Source material:
>>>>
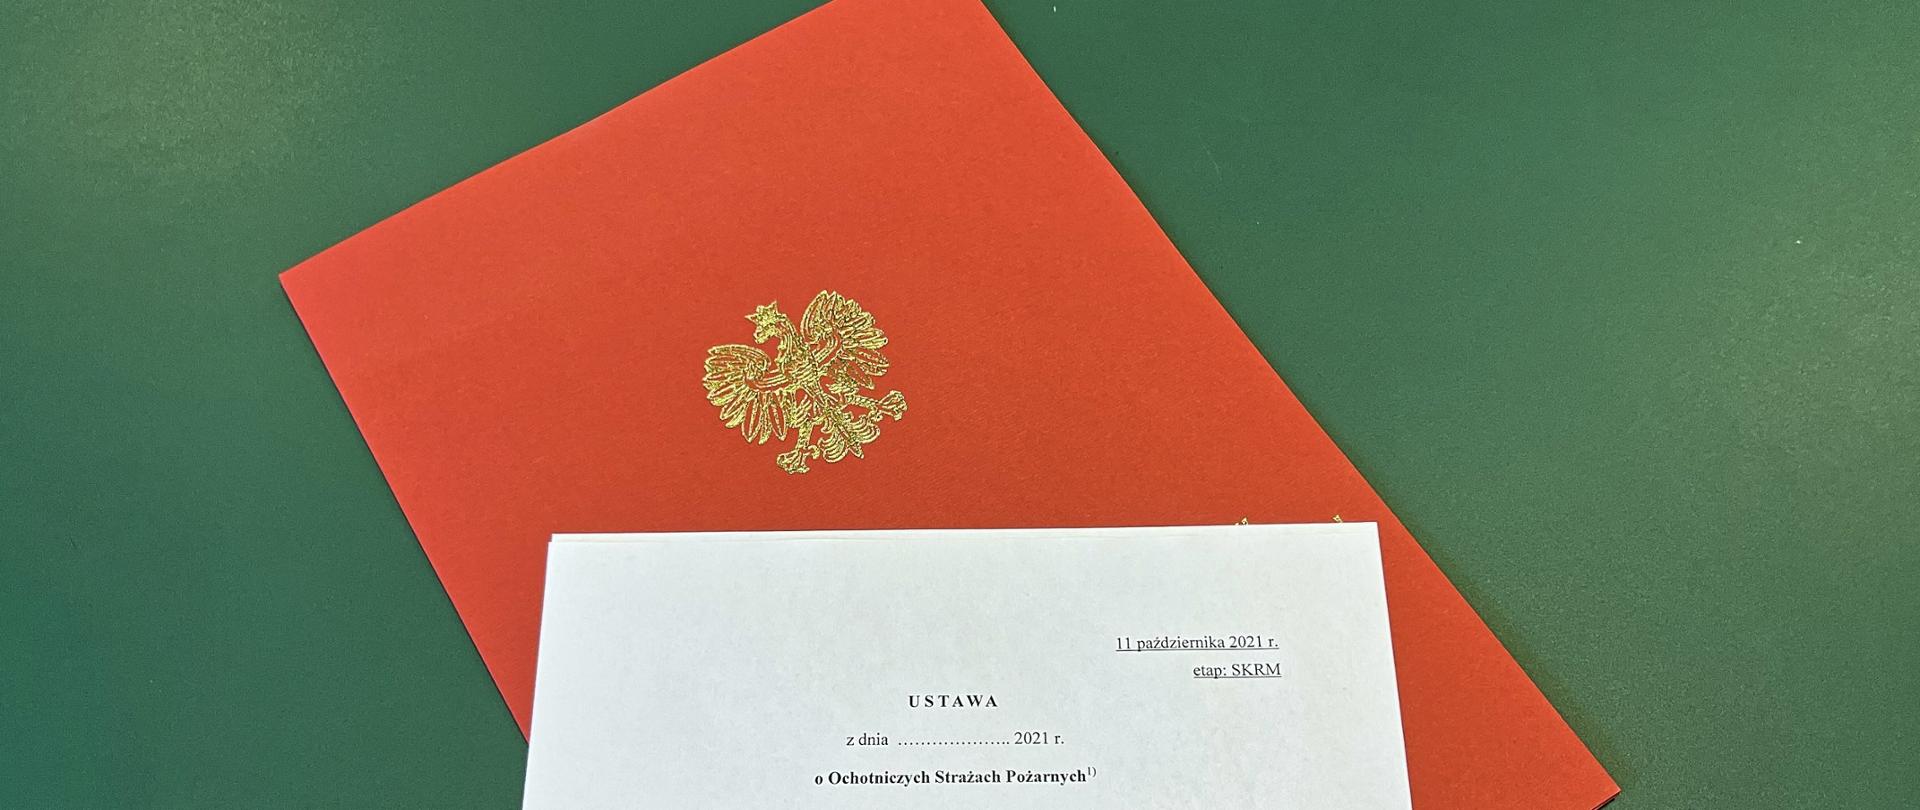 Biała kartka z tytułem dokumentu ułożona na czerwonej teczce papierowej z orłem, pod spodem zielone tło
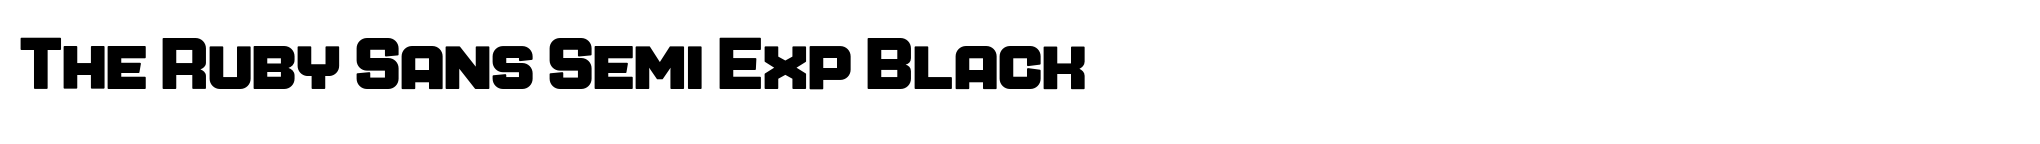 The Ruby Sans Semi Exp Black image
<<<<
>>>>
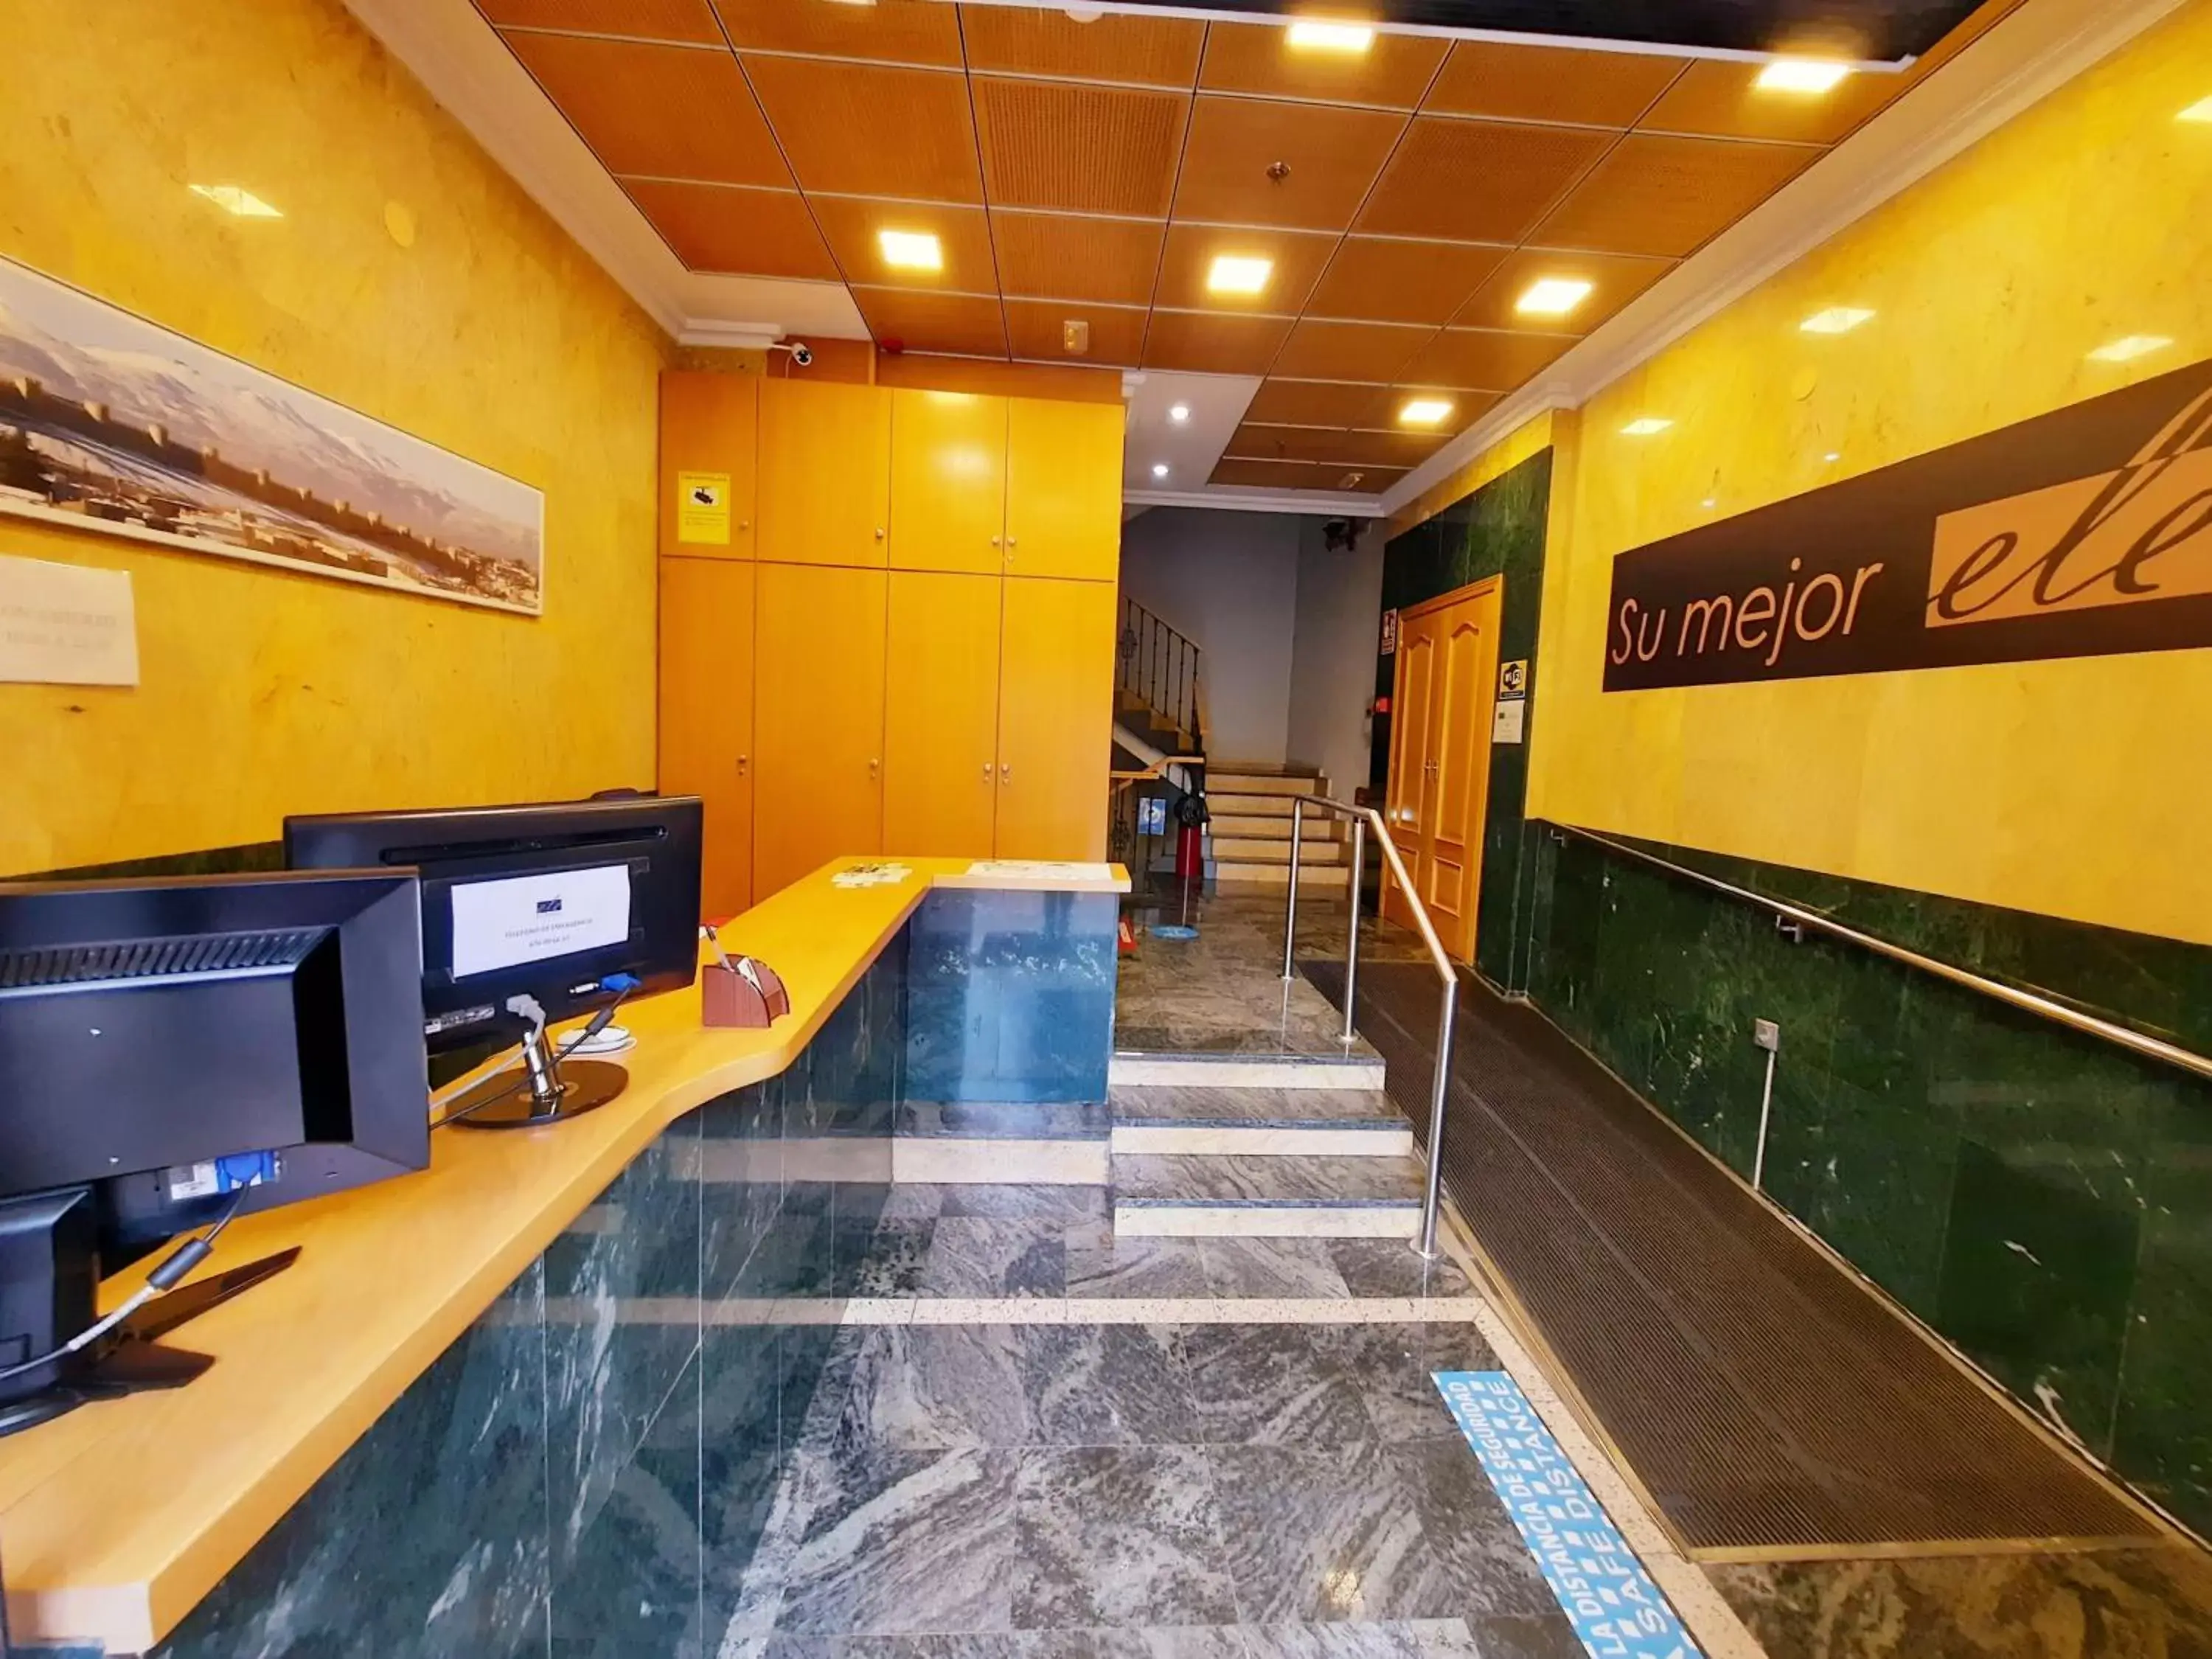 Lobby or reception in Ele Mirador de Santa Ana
<<<<
Problem: Give back the exact lines above, running from the one that has "Biała kartka z" through the one that has "The Ruby Sans Semi Exp Black image", with nothing added and no pictures.

Result of the exercise:
 Biała kartka z tytułem dokumentu ułożona na czerwonej teczce papierowej z orłem, pod spodem zielone tło
 The Ruby Sans Semi Exp Black image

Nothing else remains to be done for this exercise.